Australian Army officer

Brigadier General William Grant, (30 September 1870 – 25 May 1939) was an Australian Army colonel and temporary brigadier general in the First World War.

==Early life and career==
William Grant was born on 30 September 1870 in Stawell, Victoria, the son of a miner. He was educated at Brighton Grammar School and Ormond College at the University of Melbourne, graduating with a Bachelor of Civil Engineering (BCE) in 1893. He worked in railway construction in New South Wales but after his father's death in 1894 he became a pastoralist, purchasing Bowenville Station on the Darling Downs in Queensland in 1896.

Grant was commissioned as a lieutenant in the Queensland Mounted Infantry on 1 January 1901. He advanced rapidly and became commander of the 14th Light Horse in 1910, and was promoted from major to lieutenant colonel on 18 December 1911. He was still in command when the First World War broke out.

==First World War==
Grant joined the Australian Imperial Force on 16 March 1915, taking command of the 11th Light Horse Regiment.
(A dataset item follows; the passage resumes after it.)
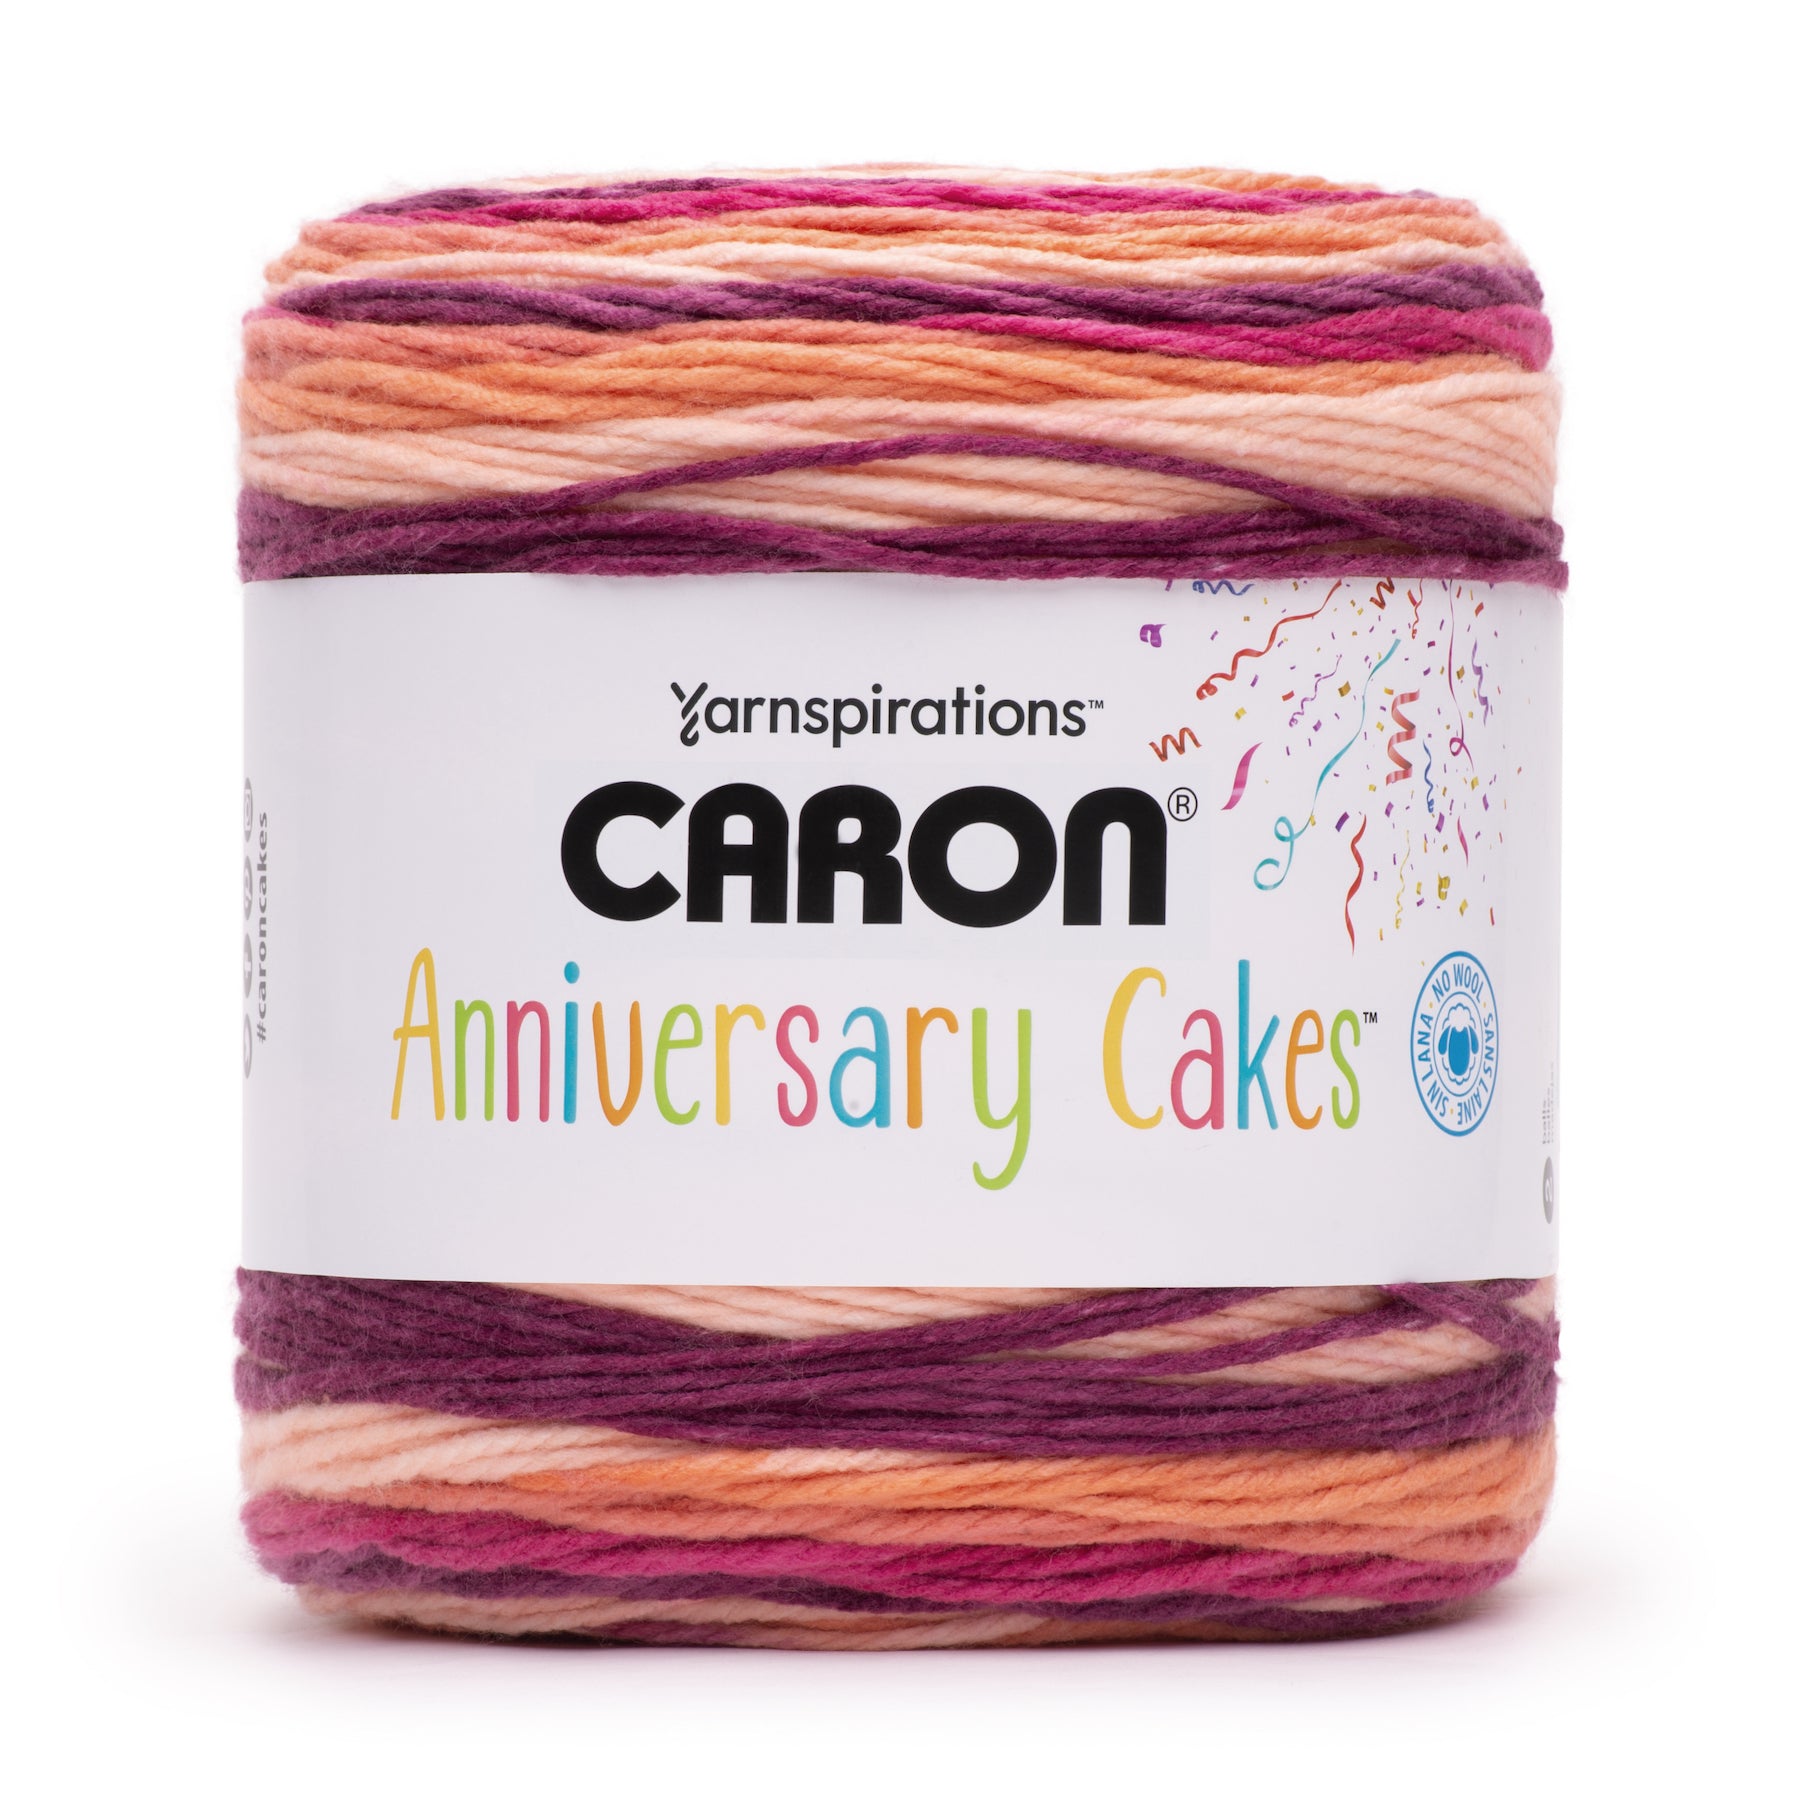 Yarnspirations Caron Anniversary Cakes Yarn Grape 35.3 oz 1061 yds 3183 Ft  Bulk - Tony's Restaurant in Alton, IL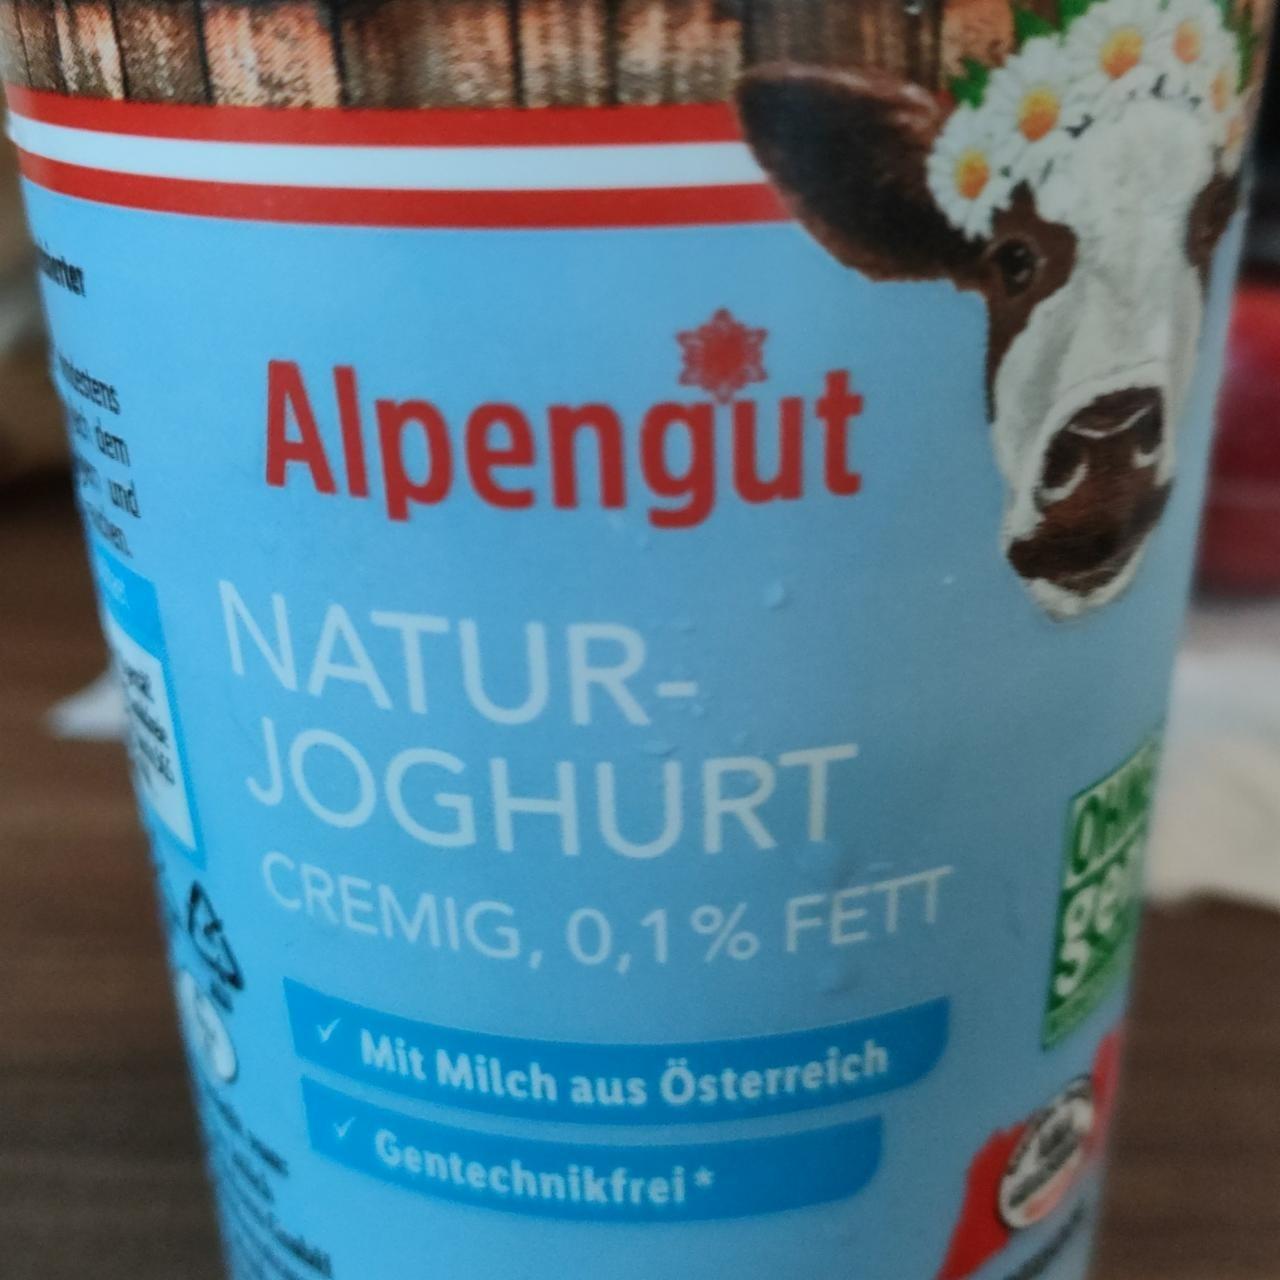 Fotografie - Alpengut Natur-joghurt Cremig, 0,1% Fett

Part of the 4th Light Horse Brigade, it was sent to Egypt dismounted and there broken up on 26 August 1915. The 11th Light Horse Regiment was sent to Gallipoli, and there itself broken up, with a squadron being attached to each of the 2nd, 5th and 9th Light Horse Regiments. When the commander of the 9th Light Horse, Lieutenant Colonel Reynell was killed in the fighting for Hill 60 on 29 August 1915, Grant took over command of his regiment. He remained with the 9th Light Horse until he was sent for duty at the rest camp on 2 December 1915.

When the 11th Light Horse was reformed in Egypt on 22 February 1916, Grant was given command again. At Romani, the 11th Light Horse formed part of a mobile column of light horse and took part in the defence of the Suez Canal.

At Maghara in October, the 11th Light Horse led a column on a night march across the desert, navigating by the stars. On the second night of the march, dense fog closed in and hid the stars, but somehow Grant, who apparently had a phenomenal sense of position and direction, managed to lead the column through the desert to emerge at daybreak directly in front of the Turkish position.

For his part in the Sinai and Palestine Campaign, Grant was awarded the Distinguished Service Order (DSO).

On 14 February 1917, Grant led the 11th Light Horse out from Serapeum on a mission to sweep the remaining Turkish troops from the Sinai Peninsula. Grant learned from a British pilot that the Turks were evacuating, Nekhl, a significant town in the central Sinai, situated roughly in the centre of the Sinai, atop the desert ranges. His men entered Nekhl riding with fixed bayonets on 17 February. The light horse had travelled some 150 miles in seven days across steep and rocky mountain tracks. Only a few Turks and Arabs were captured, but the action marked the end of the campaign in the Sinai.

In February 1917, the 4th Light Horse Brigade re-formed and the 11th Light Horse Regiment rejoined it. On 13 August 1917, Grant became commander of the 3rd Light Horse Brigade and was promoted to temporary brigadier general. Then on 13 September 1917, he took over command of the 4th Light Horse Brigade, becoming a colonel and temporary brigadier general.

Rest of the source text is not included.